Tio Luiz foi o grande responsável por transformar toda a turma lá de casa em cinco ardorosos torcedores do Fluminense. Meus pais, flamenguistas, nunca se conformaram com isso. Tinha uma casa deliciosa em Miguel Pereira. Durante muitos anos eu ia com a família passar feriados lá. Era divertido. Enquanto as mulheres conversavam e as crianças brincavam, degustávamos pingas da melhor qualidade e amarrávamos porres memoráveis. Num deles, fomos parar, não me lembro como, numa deliciosa “birosca” à beira-riacho (também não sei que riacho), saboreando peixinhos à doré e vertendo muitas cervejas. Tudo porque, em determinado momento, ele lembrou-se de um bar que servia jacaré, coisa que me deixou alucinado por experimentar, mas não encontramos. Luiz Alberto, além de tio, era uma agradável companhia.

Foi professor de comunicação na Gama Filho, onde também era o coordenador da cadeira de Jornalismo. Neste período foi chamado para organizar o mesmo curso na Universidade de Lisboa. Com ele, em 1969, fiz uma revista sobre a Copa do Mundo de 1970. Foi uma loucura, e o primeiro trabalho que eu criei, produzi e finalizei todo sozinho. Isso, numa época de títulos em Letraset, composições em linotipo, pastup e cola de borracha.

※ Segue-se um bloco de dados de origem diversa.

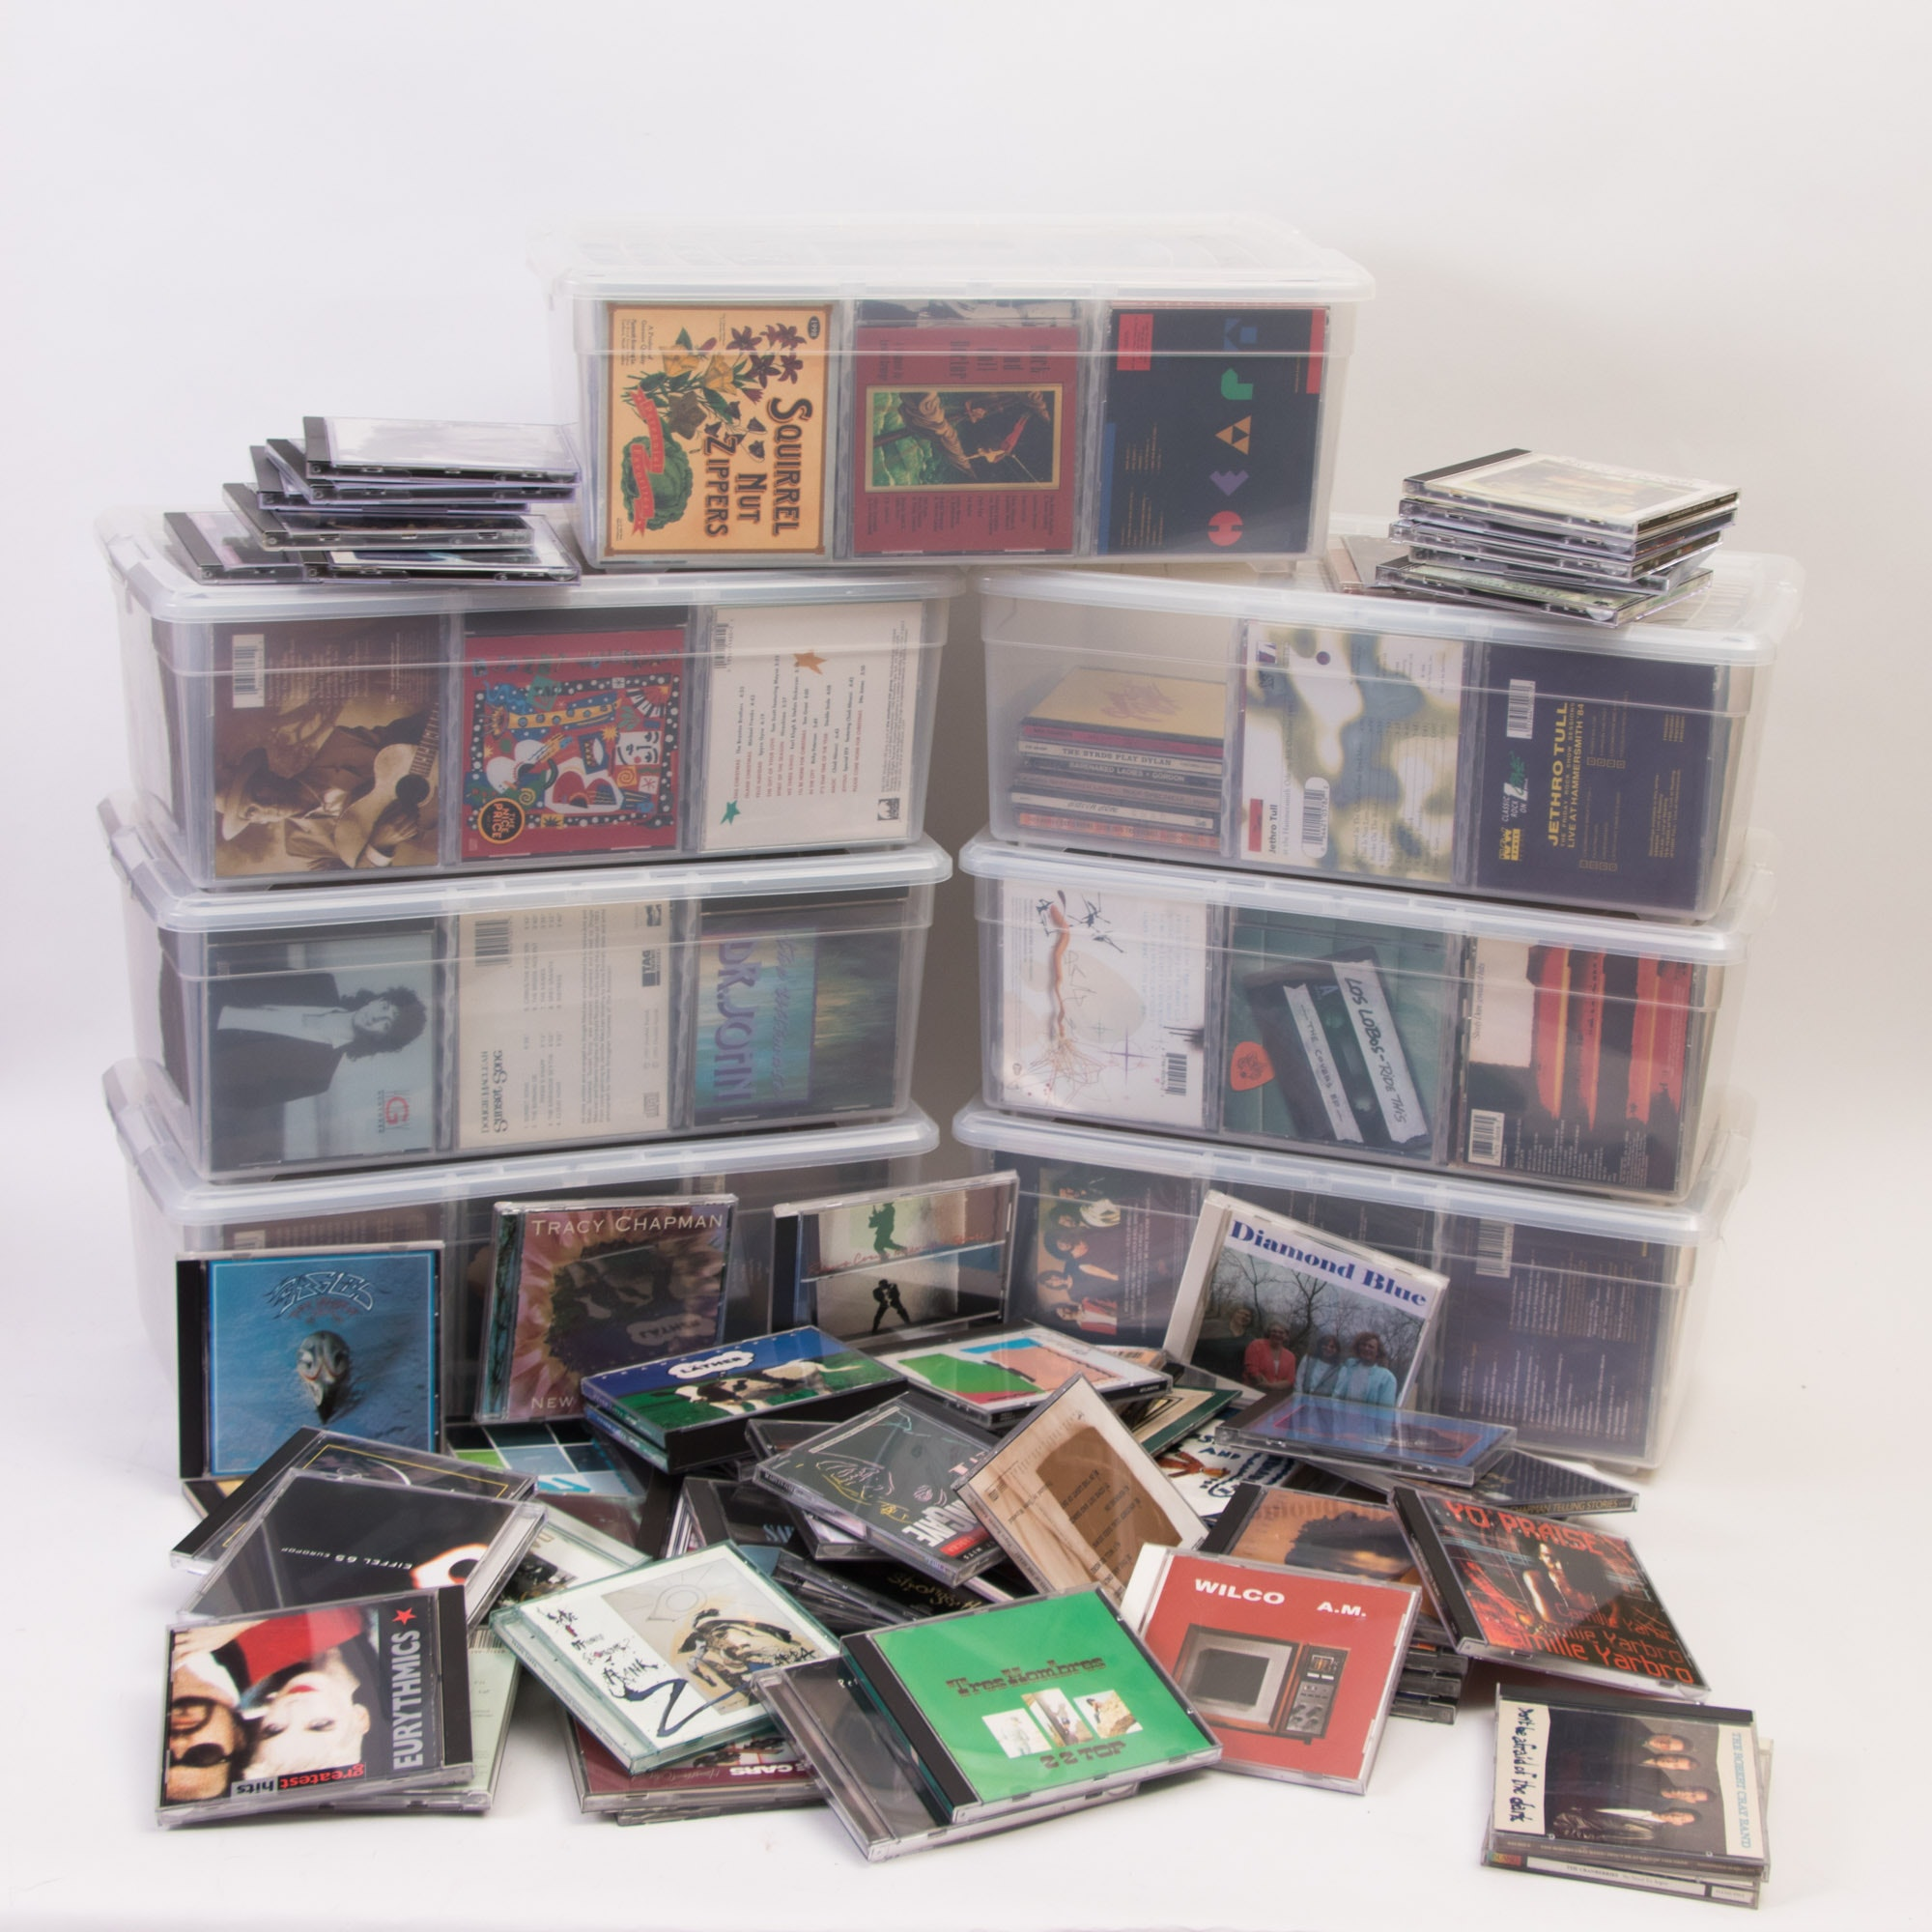 Assortment of CDs

Luiz Alberto também gostava de criação publicitária. E levava jeito pra coisa, embora, até onde eu saiba, nunca tenha trabalhado em alguma agência, muito embora tenha feito frelances para algumas. Por ocasião da Copa do México de 1986, criou uma frase que ficou famosa: “Mexicoração”. Na época, trabalhava no Sistema Globo de Rádio, onde era produtor de programas e pesquisas*, e não teve o cuidado de registrar a sua autoria. Virou música temática da Copa na TV Globo, e diversas empresas usaram a frase em camisetas e outros materiais promocionais. Foi o maior “perrengue”. Correu atrás, tentando receber direitos autorais, mas, apesar de ainda ter conseguido o registro, este foi tardio, e a maioria dos processos não resultaram em nada. A Globo até lhe pagou alguma coisa, porque afinal ele trabalhava numa das empresas do grupo, e ia pegar mal...

Daí, veio a Copa da Itália em 1990. Luiz Alberto contou-me a frase que havia criado, mas já com a documentação em mãos. Devidamente registrada, tudo conforme os conformes. “Papa essa Brasil”, que também virou jingle na Rede Globo e foi amplamente usada em camisetas, faixas e bandeirolas por lojas e outros comerciantes. Desta feita, com tudo pago direitinho, tendo-lhe gerado uma boa fonte de renda.

Paparam “Mexicoração”, mas a do papa, ninguém conseguiu papar.

(*) Luiz Alberto trabalhou no Sistema Globo de Rádio até pouco tempo antes do seu falecimento, em 1992.